Results The ICONIC (InfeCtion respONse through vIrus genomiCs) project has developed an automated, portable and customisable high-throughput computational pipeline to assemble de novo whole viral genomes, either segmented or non-segmented, and quantify minority variants using residual diagnostic samples. The pipeline has been benchmarked on a dedicated High-Performance Computing cluster using paired-end reads from RSV and Influenza clinical samples. The median length of generated genomes was 96% for the RSV dataset and 100% for each Influenza segment. The analysis of each set lasted less than 12 hours; each sample took around 3 hours and required a maximum memory of 10 GB. The pipeline can be easily ported to a dedicated server or cluster through either an installation script or a docker image. As it enables the subtyping of viral samples and the detection of relevant drug resistance mutations within three days of sample collection, our pipeline could operate within existing clinical reporting time frames and potentially be used as a decision support tool towards more effective personalised patient treatments.
Availability The software and its documentation are available from https://github.com/ICONIC-UCL/pipeline
Contact t.cassarino{at}ucl.ac.uk, pk5{at}sanger.ac.uk
Supplementary information Supplementary data are available at Briefings in Bioinformatics online.
1 Introduction
Viruses are intracellular parasites and most are characterised by a high replication rate within their host. During replication the polymerase proteins are prone to transcription errors or mutations, with RNA viruses having the highest mutation rates. New genomes containing mutations are continuously generated and selected on the basis of their fitness to infect and to replicate within the host’s cells [1]. Average mutation rates of RNA viruses are about 10−4 – 10−5 errors per nucleotide copied or, based on average genomic sizes, about one mutation per genome copied[2]. Moreover, recombination of genomic parts increases the evolution dynamics and the genomic divergence within viral populations. One such example is the Human Immunodeficiency Virus (HIV), where the recombination is considered faster than the mutation rate[3]. These and other features suggest that a viral population is actually made of an ensemble of related mutants that can be described as a quasi-species and on which the selective pressure influences all the viruses as a single unit. Such high genomic variability allows the viral populations to survive challenges mounted by the host’s immune system and by antiviral agents, hindering the effective treatment of patients and making it difficult to eradicate infections[4]. Next-Generation Sequencing (NGS) coupled with bioinformatics analyses enables the high-throughput detection of genomic variants and the classification of known and novel viral species overcoming the need for expensive culturing and/or labour-intensive Sanger sequencing techniques[5].

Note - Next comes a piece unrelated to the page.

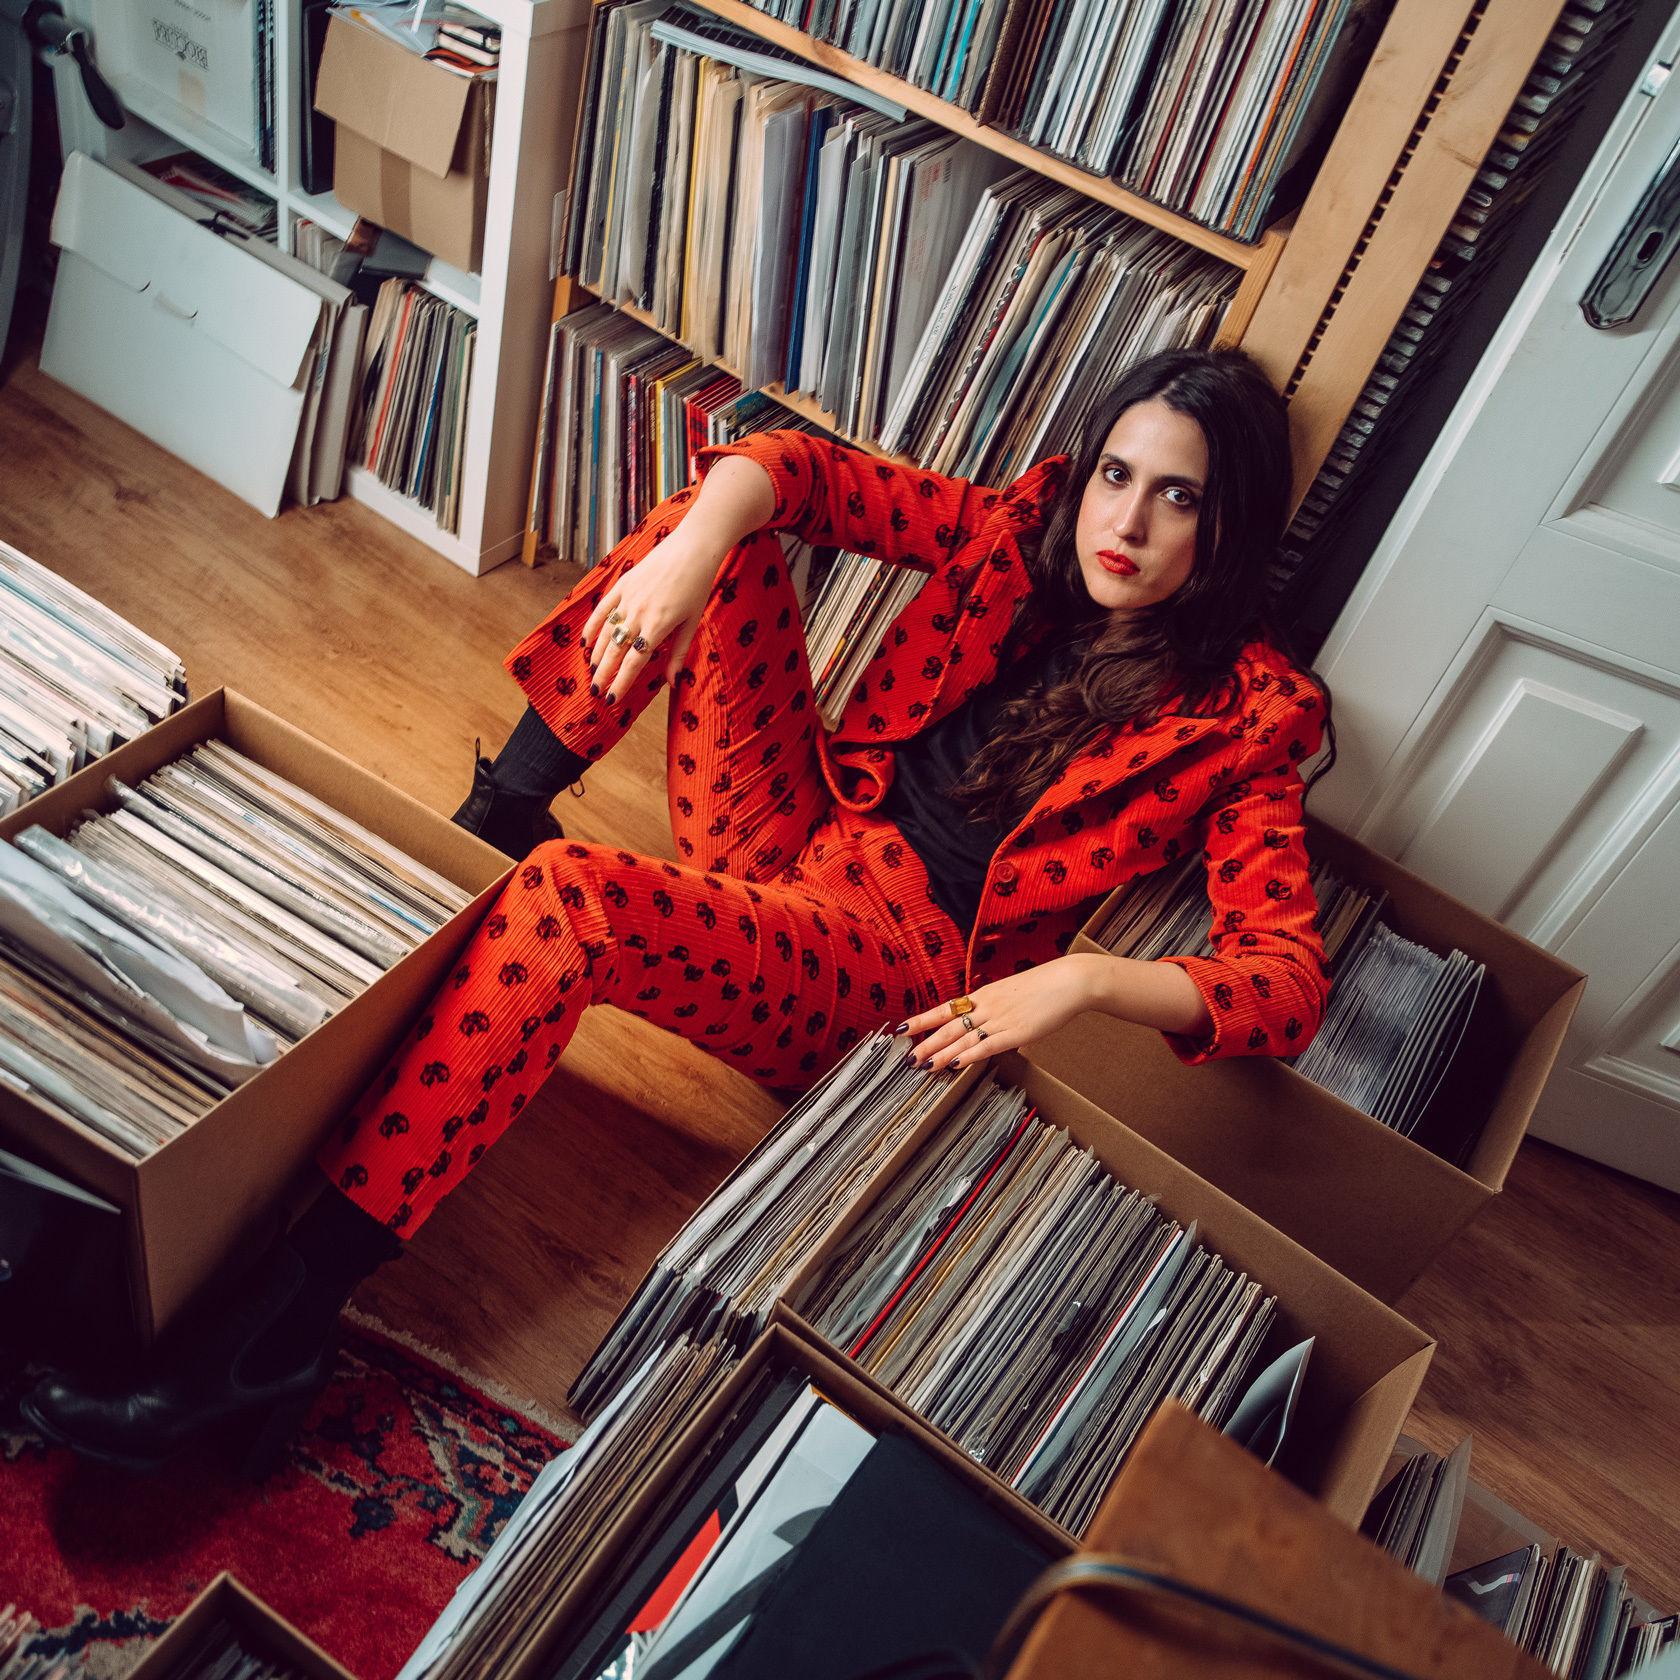 Jonas Holthaus c/o FREDA+WOOLF for Rolling Stone Magazine

Within the context of a clinical setting, NGS data can be applied on sequenced diagnostic samples to identify pathogens by assembling whole genomes and quantifying low-level drug resistance mutations below the 15–20% frequency sensitivity limit of the traditional Sanger sequencing technique[6].
Computational pipelines that employ NGS data have been developed recently to discover new pathogens[7, 8], to identify viral quasi-species[9, 10] and to detect genomic variants[11–14]. However, in order to impact patient treatment pathways, it is necessary for pipelines to be capable of combining a number of characteristics at the same time. These are the ability to be pathogen agnostic, to assemble de novo whole genomes, to report minority variants, to be scalable for high-throughput analyses, customisable and portable to different software environments.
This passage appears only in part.